# Boinc Portable



## krusha03 (Feb 20, 2015)

Is there a portable version of Boinc or a way to install it and run it from a USB disk? I have only found some really old versions circa 2008/2009. What I would like is to have Boinc with the tasks on a USB drive that I could in theory plug in into any PC that I have admin rights, run it and the work would continue where the previous PC has stopped. Is this possible?


----------



## t_ski (Feb 21, 2015)

Even if you could, it would probably have issues unless all machines had the same proc in them.


----------



## krusha03 (Feb 21, 2015)

t_ski said:


> Even if you could, it would probably have issues unless all machines had the same proc in them.

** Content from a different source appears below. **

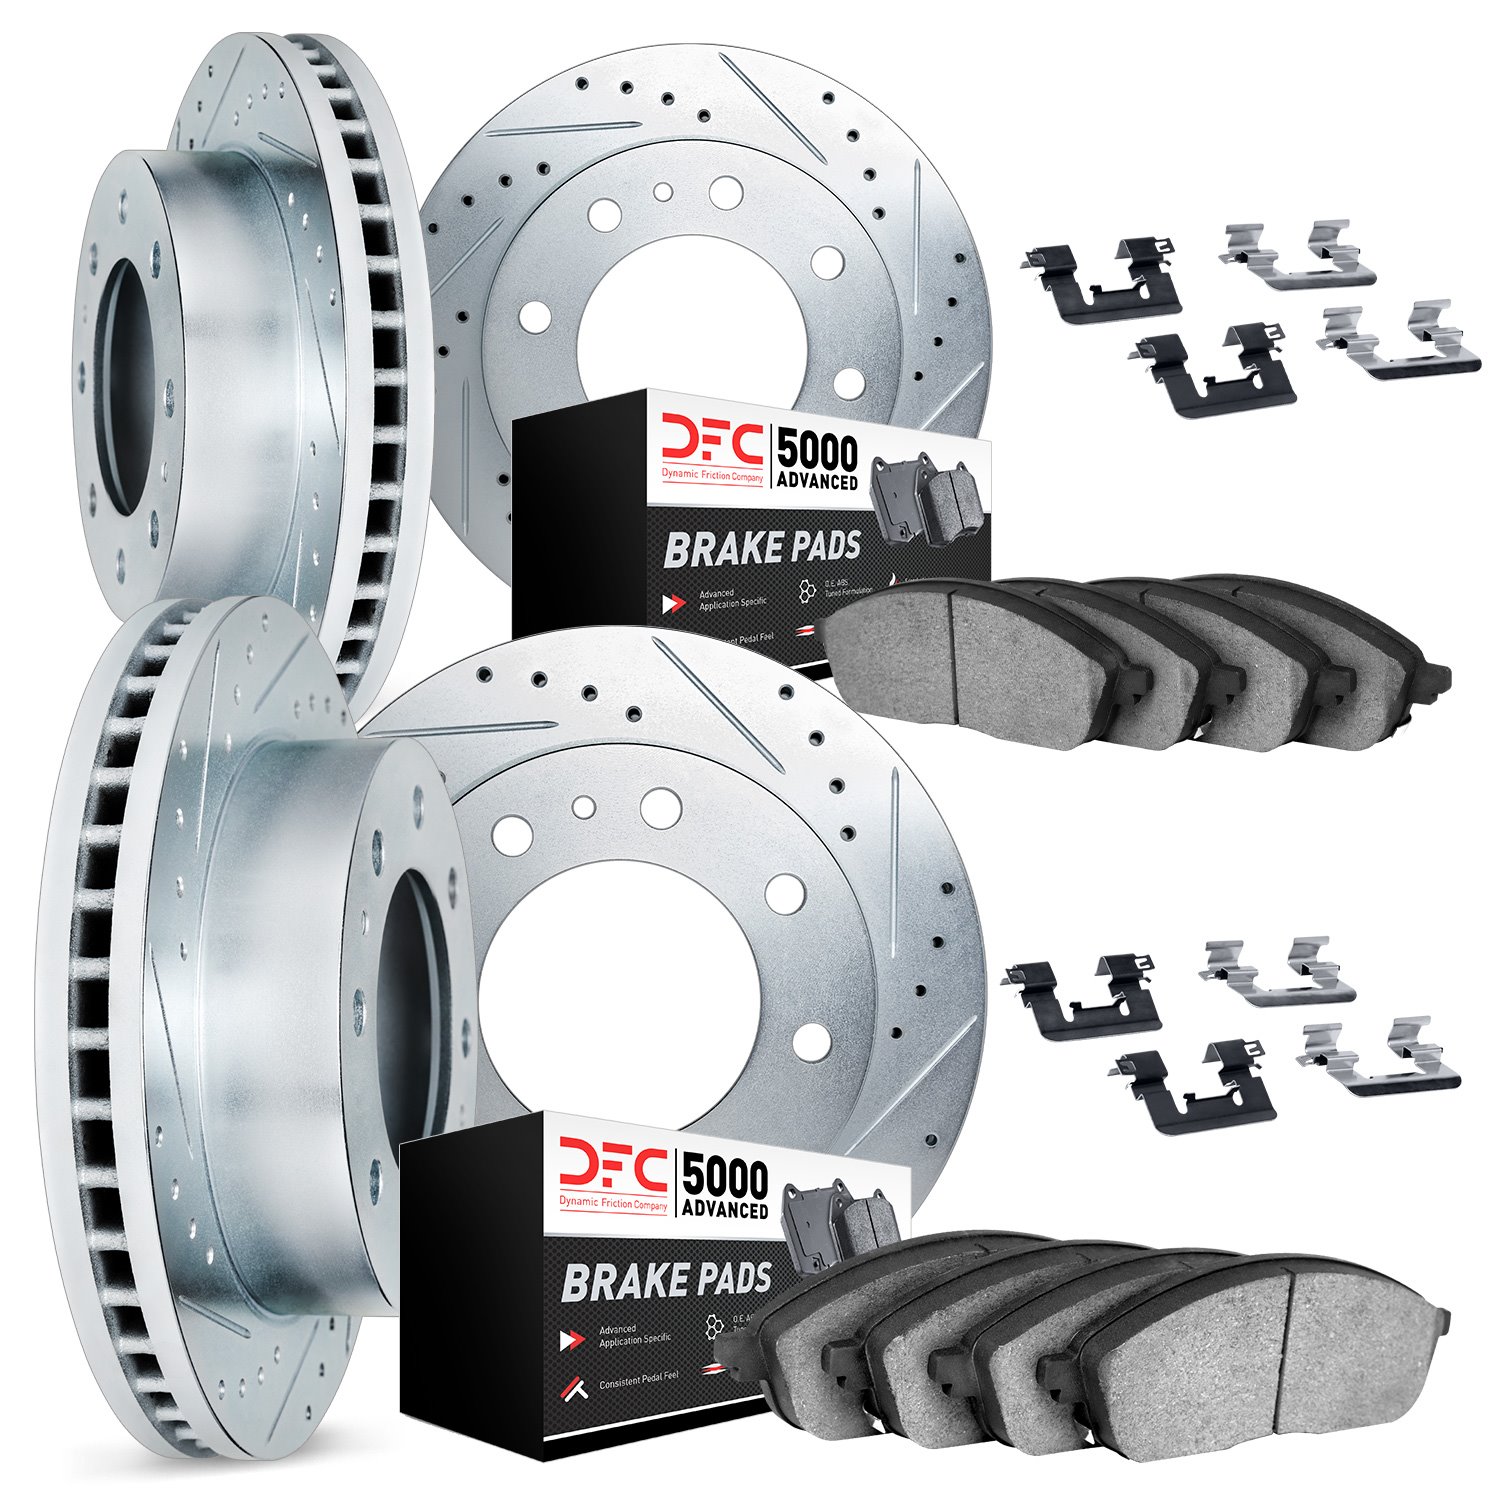 7514-54470 Drilled/Slotted Brake Rotors w/5000 Advanced Brake Pads Kit & Hardware [Silver], Fits Select Ford/Lincoln/Mercury/Maz

They would all be 1st - 3rd generation i3 / i5. I have few laptops that I am using interchangeably and my work and uni pc. The reason why I want the task to be continued to another PC is because sometimes the task may expire until the next time I am using that particular pc / laptop. I tested with that Bioinc 6 portable I found and it seems to be working. Tried it between a ULV ivy i3 and a ULV ivy celeron. The only thing i am not sure of is if the estimated remaining time is valid as it seems it did not change between the 2 even thou the celeron is at 1.5GHz and the i3 is at 1.9GHz. The threads did change from 2 to 4 thou


----------



## Peter1986C (Feb 25, 2015)

A new host name means invalid WUs.


----------



## krusha03 (Feb 25, 2015)

I haven't gotten any invalid WUs as of now but only uploaded like 10 that got changed from one pc to another . They are filed under the machine name that uploaded them


----------



## Arjai (Feb 25, 2015)

Kinda sounds like you figured it out. That is, if the WU's validate...


----------



## krusha03 (Feb 25, 2015)

Arjai said:


> Kinda sounds like you figured it out. That is, if the WU's validate...


Seems to be working fine I dont have any errors or invalid results. Still a lot of pending thou


----------



## Arjai (Feb 25, 2015)

Pendings are dependant on other's running the same WU's. When enough of them arrive, how many is variable, I believe, then they validate. If they match the other WU's...

Not sure if that makes any sense, since I am feeling a little insane right now....Anxiety over the Challenge start!!


----------



## krusha03 (Feb 25, 2015)

Arjai said:


> Pendings are dependant on other's running the same WU's. When enough of them arrive, how many is variable, I believe, then they validate. If they match the other WU's...
> 
> Not sure if that makes any sense, since I am feeling a little insane right now....Anxiety over the Challenge start!!


Just saw that actually most of my pending results are coming from my android phone and not the PCs I am abusing


----------